Whenever a new documentary once again peels back the layers of secrecy, shame and deception that were for decades a defining feature of life in Ireland, the biggest shock is that there is no shock. We all know that this is how things have always been done here: the truth quietly placed in a bottom drawer, terrible deeds waved through with a wink and a nudge. The faces change. The story is the same.

And so while the wrongdoings chronicled in RTÉ Investigates: Ireland’s Illegal Adoptions (RTÉ One, Wednesday, 9.35pm) are obviously heinous, the documentary ultimately lands with a predictable thud. Of course, religious institutions facilitated illegal adoptions. And yes, obviously, the State was complicit in what was essentially a child-laundering conspiracy on an industrial scale. Have the now grown-up victims received justice? What do you think?

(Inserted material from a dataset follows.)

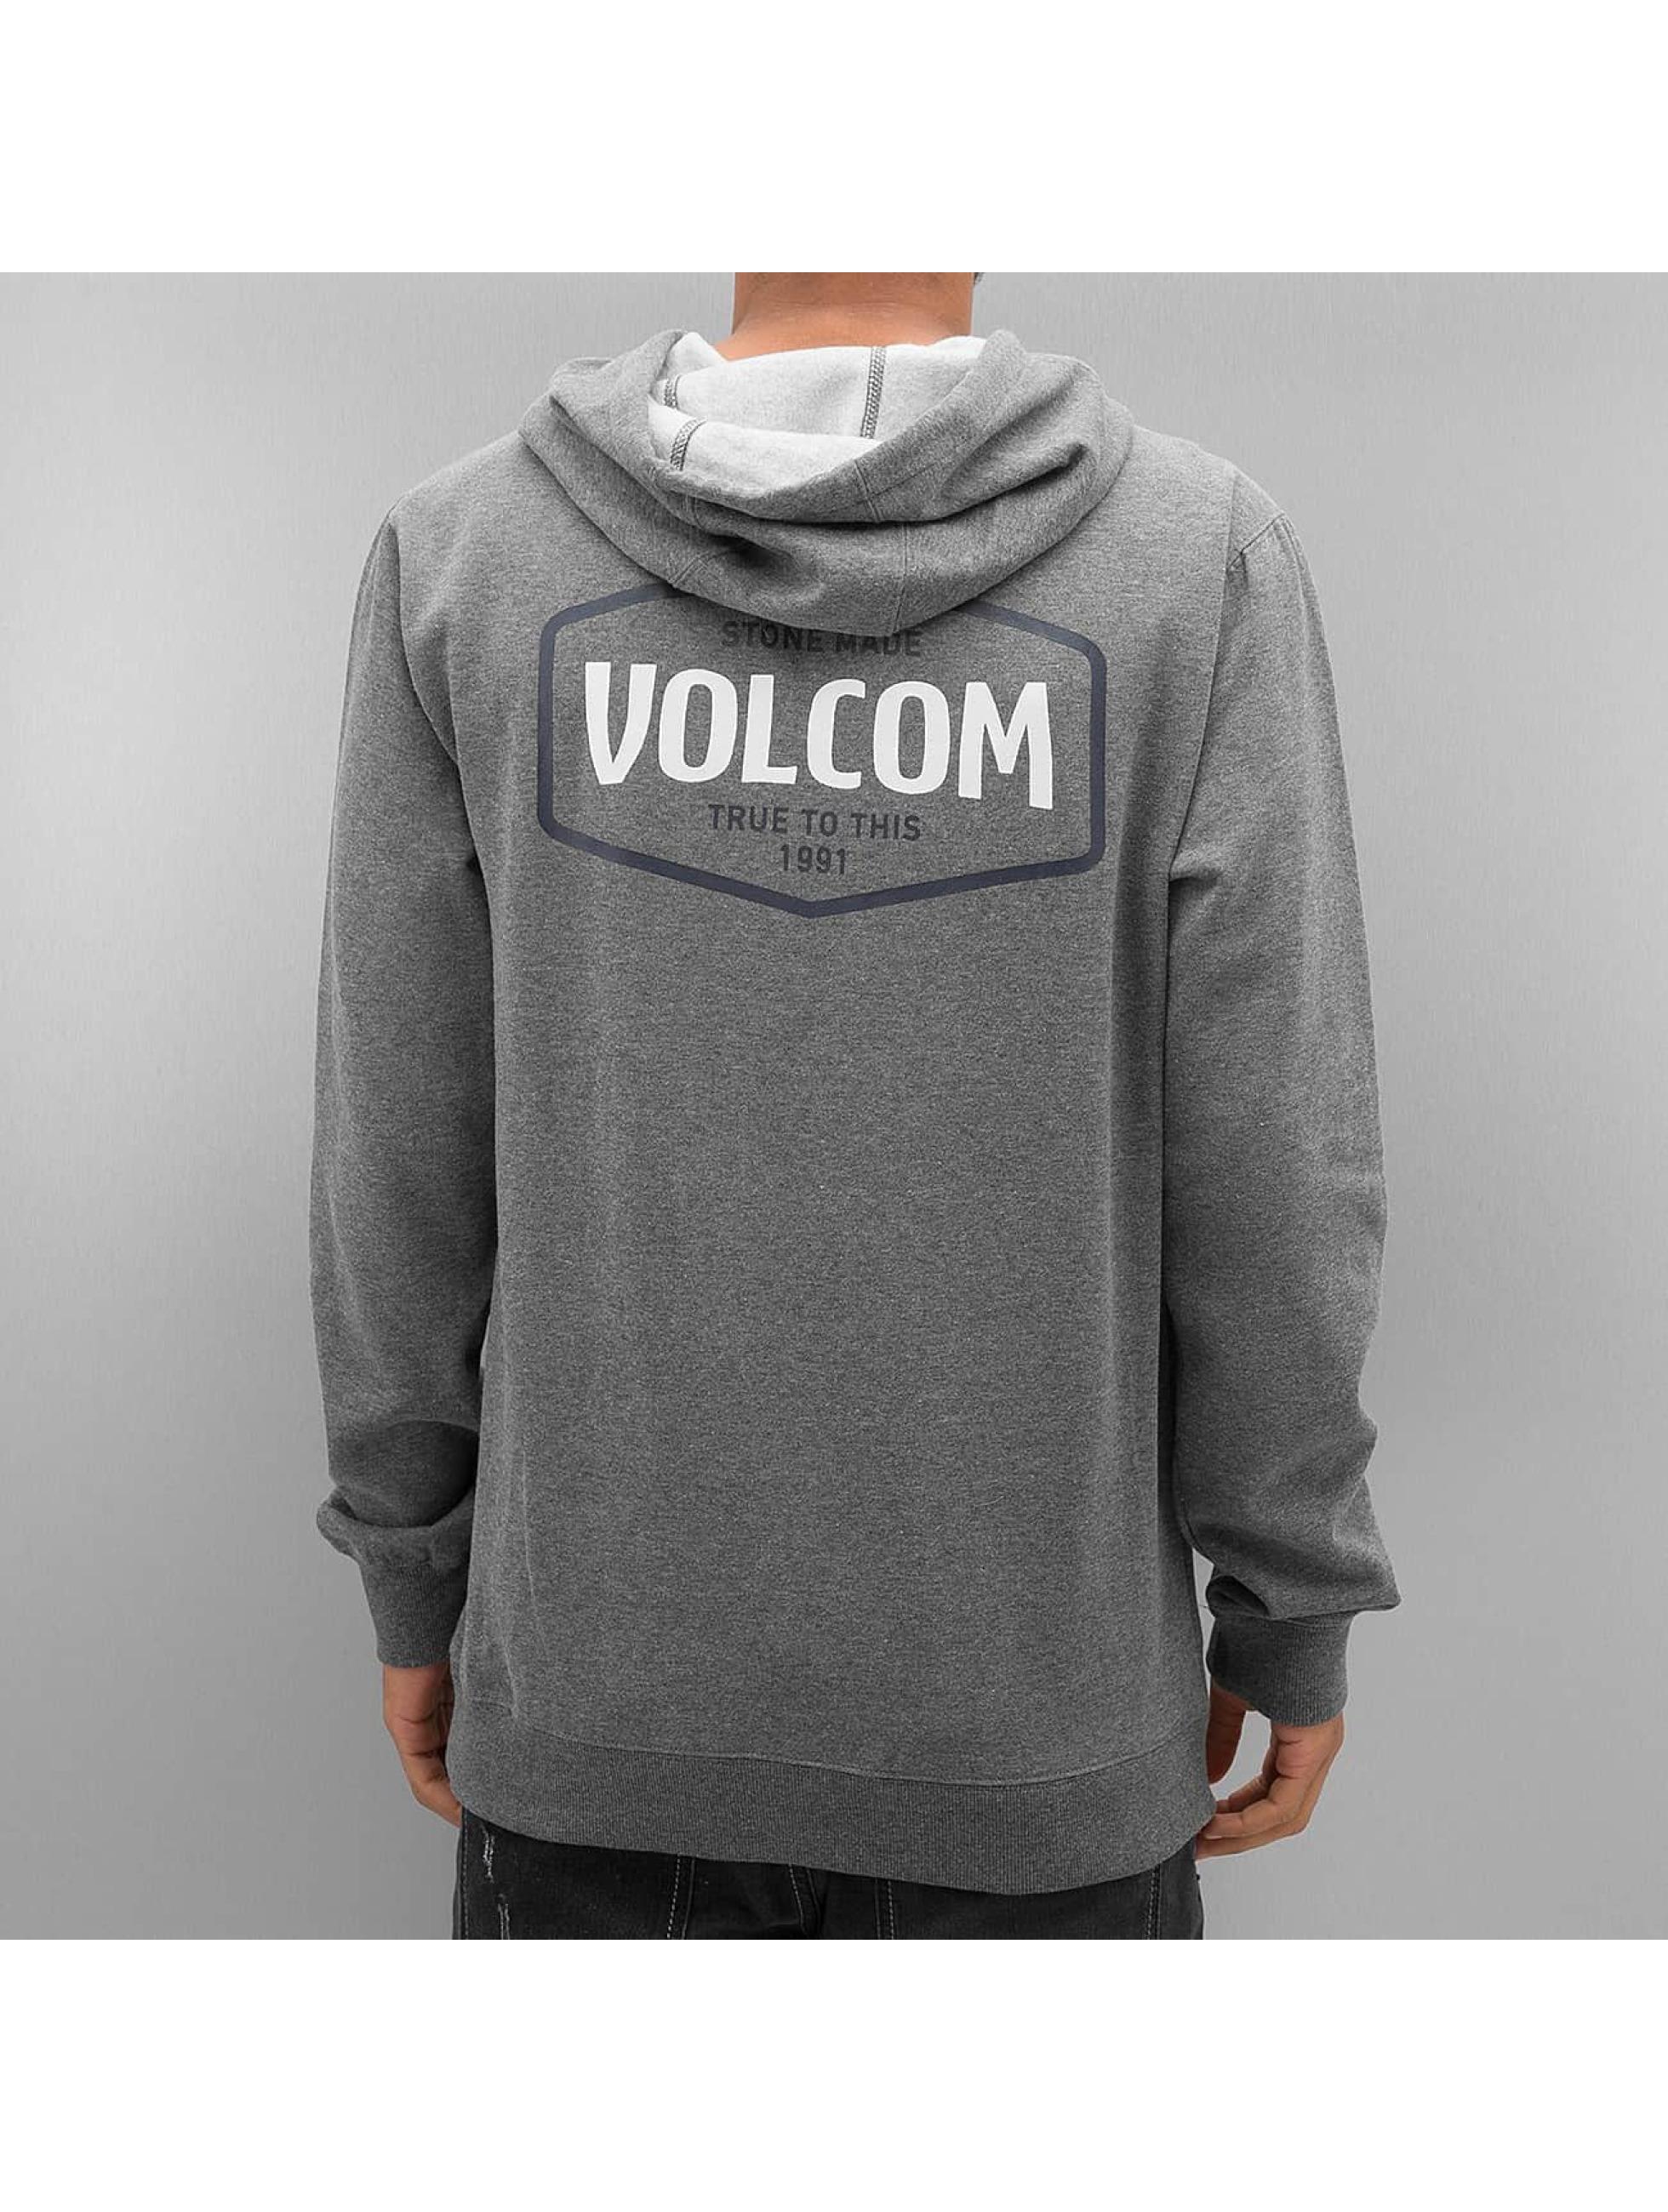 Volcom Hoodie Packsaddle gray

The sheer scale of the scandal documented in Aoife Hegarty’s report is hard to take in over the span of a single sitting. Indeed, if this otherwise peerless film has a flaw, it is that it might have been better served by airing in instalments.

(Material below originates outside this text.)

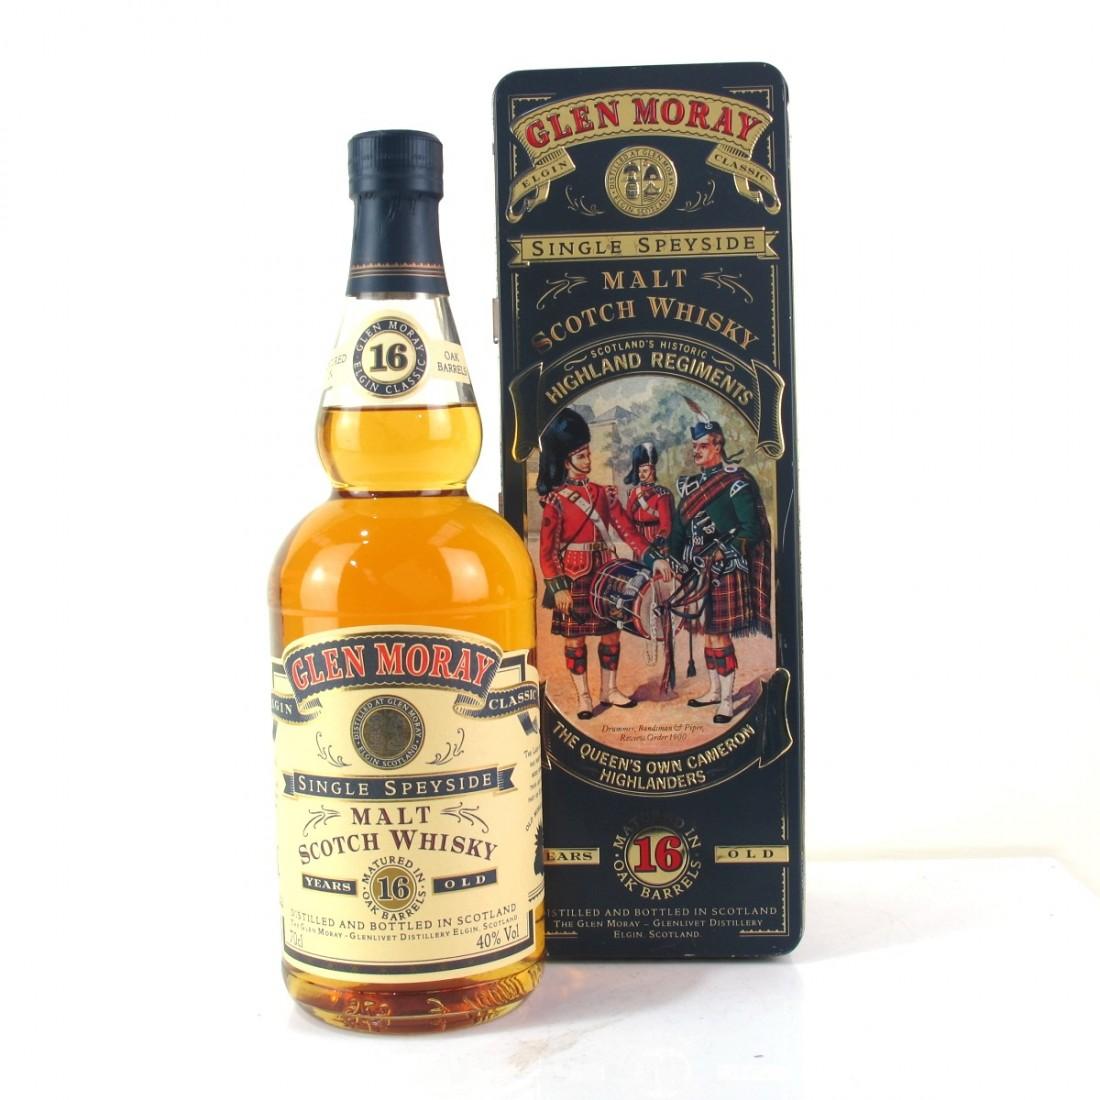 Glen Moray 16 Year Old / Queen's Own Cameron Highlanders

I’ve seen dogs that were purchased and the people selling the dogs being more concerned about how the dog was doing than the nuns were

There’s just too much. One case that stands out is that of Mary Dolan, who describes receiving sensitive information relating to her illegal adoption from a Tusla social worker in a hotel lobby. (In a statement, Tusla said it would “engage with” and “apologise to” the “small number” of people who received news about their birth parents in inappropriate settings.) Later she was told she had a birth sibling, living in the United States. They met over the internet and bonded. A DNA test subsequently revealed the initial information had been incorrect: they were not related at all.